7am Turner Classic Movies
The Shiralee (1957 GB):Peter Finch is terrific as a traveling swagman, traversing the Australian outback in search of work and shelter. Finding his Sydney-based wife shacked up with another man, he takes his daughter (Dana Wilson) and resumes his wandering ways. The film does a good job of keeping a lid on sentiment and features outstanding cinematography by Paul Beeson, who usually worked on less-inspired fare like Tarzan Goes to India, Die Monster Die!, and Starcrash. One of the last efforts of Ealing Studios, and a good one, though certainly not on a par with their Alec Guinness comedies.
Noon Trio
Dusty and Sweets McGee (1971 USA): Dusty and Sweets McGee is a plotless, episodic look at the days and nights of Los Angeles junkies circa 1971. This mournful, elegiac film is a truly unique entry in its genre, its cast of real-life hopheads lending it a bittersweet tinge offset by a marvelous soundtrack of jaunty oldies. Blue Moon, Duke of Earl, The Loco-Motion...these were the songs these young people grew up listening to in happier, simpler times, and now they're the soundtrack of their rapidly-disintegrating lives. There's even a perfectly-selected Van Morrison tune, Into the Mystic, and a magnificent composition by the unfairly-neglected Jake Holmes. The first and best film of director Floyd Mutrux's on-again/off-again Hollywood career, Dusty and Sweets McGee is an amazing time capsule that all serious film fans should try to see.

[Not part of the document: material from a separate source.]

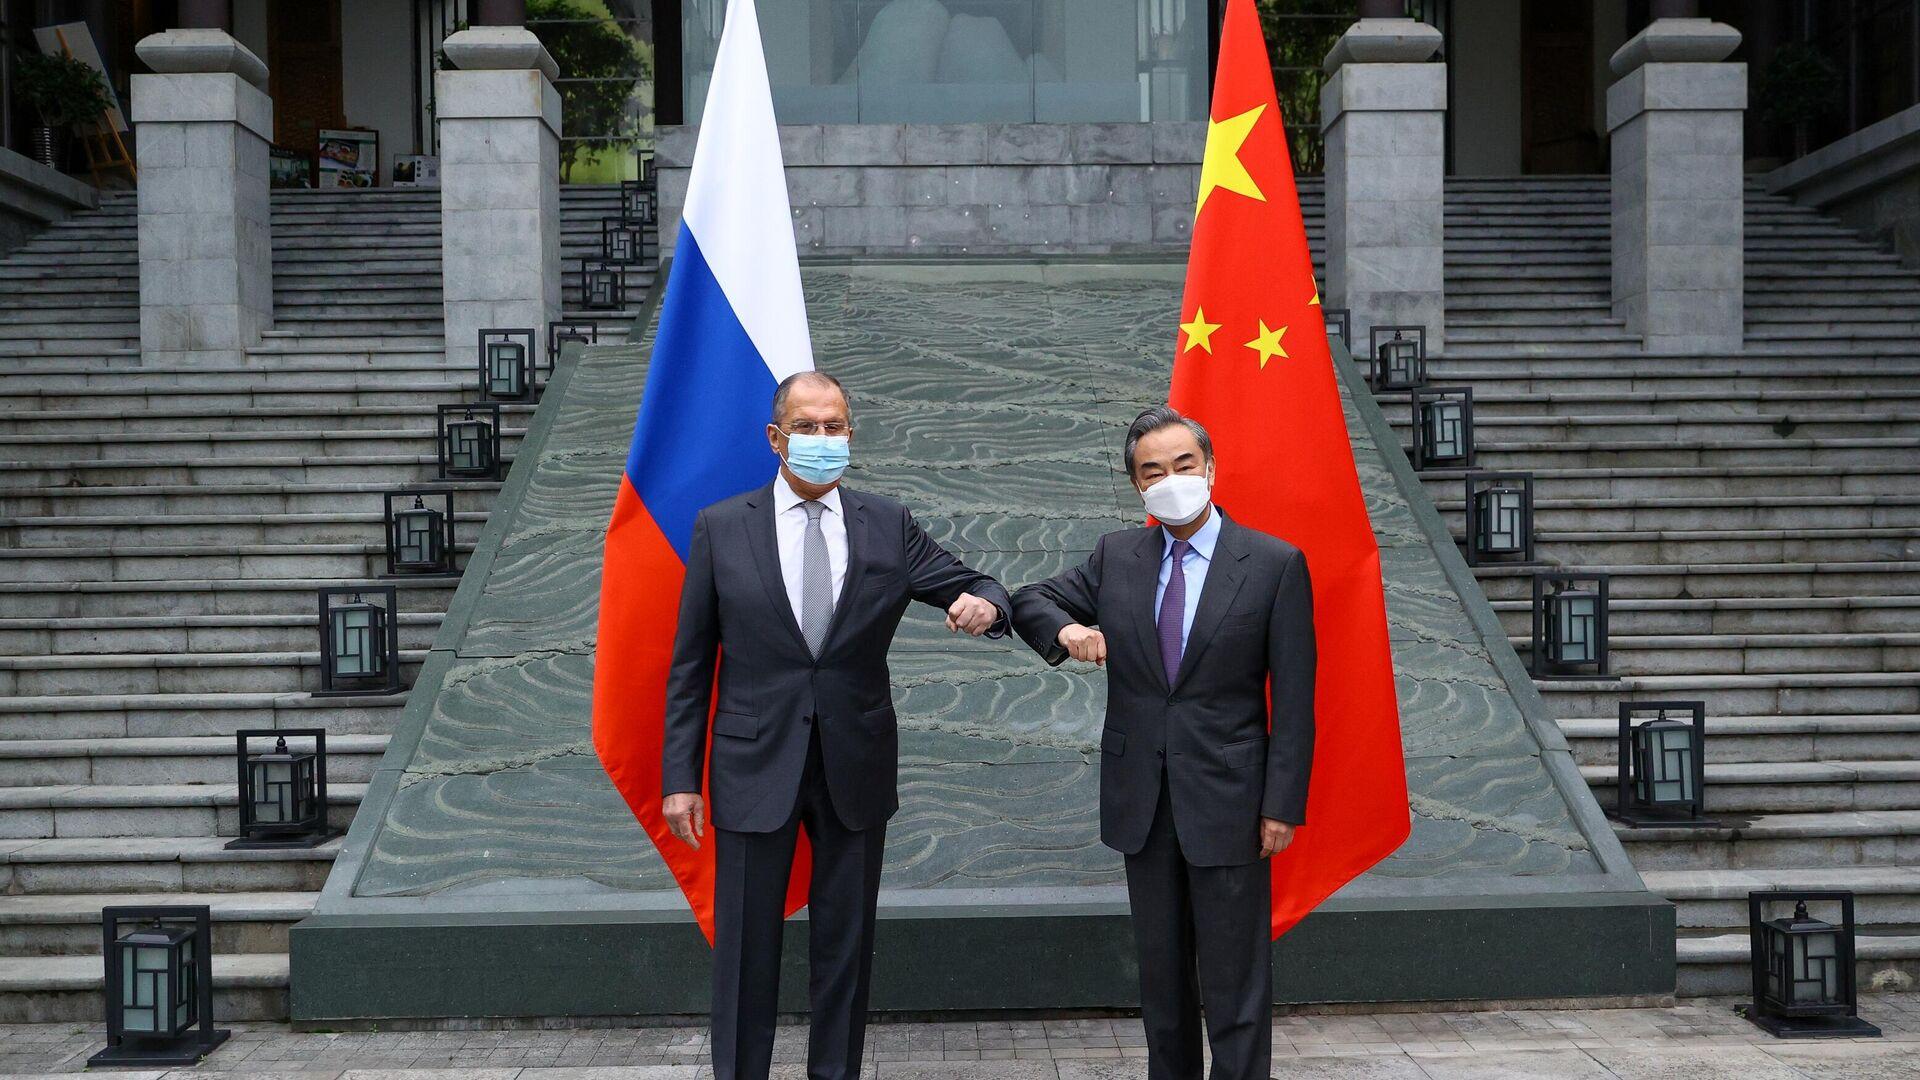 El canciller ruso, Serguéi Lavrov, y su homólogo chino, Wang Yi - Sputnik Mundo, 1920, 24.03.2021

12:45pm Turner Classic Movies
The House of the Seven Hawks (1959 GB): This long-unseen, shot-in-Britain mystery stars aging matinee idol Robert Taylor as an itinerant seaman searching for Nazi gold. Based on a novel by occasional Hitchcock collaborateur Victor Canning and directed by Richard Thorpe (Jailhouse Rock), this is an unexceptional, though well-made, murder mystery that hasn’t been on TV in many years.
6pm Sundance
Ford Transit (2002 ISR-PAL): Yes, it’s an Israeli-Palestinian co-production, and if those two nations can make a film together, perhaps Mid-East peace is possible after all. Detailing the onerous commute of West Bank Palestinians trying to get to work in Israel, the film’s subjects include a lawyer, a bereft mother whose son died in a suicide bombing, and others trying to live life under extremely difficult conditions. Ford Transit, which made its American debut at this year’s Portland International Film Festival, would make a perfect double-bill partner with the previously seen-on-Sundance documentary Detained, another story of occupation life on the West Bank.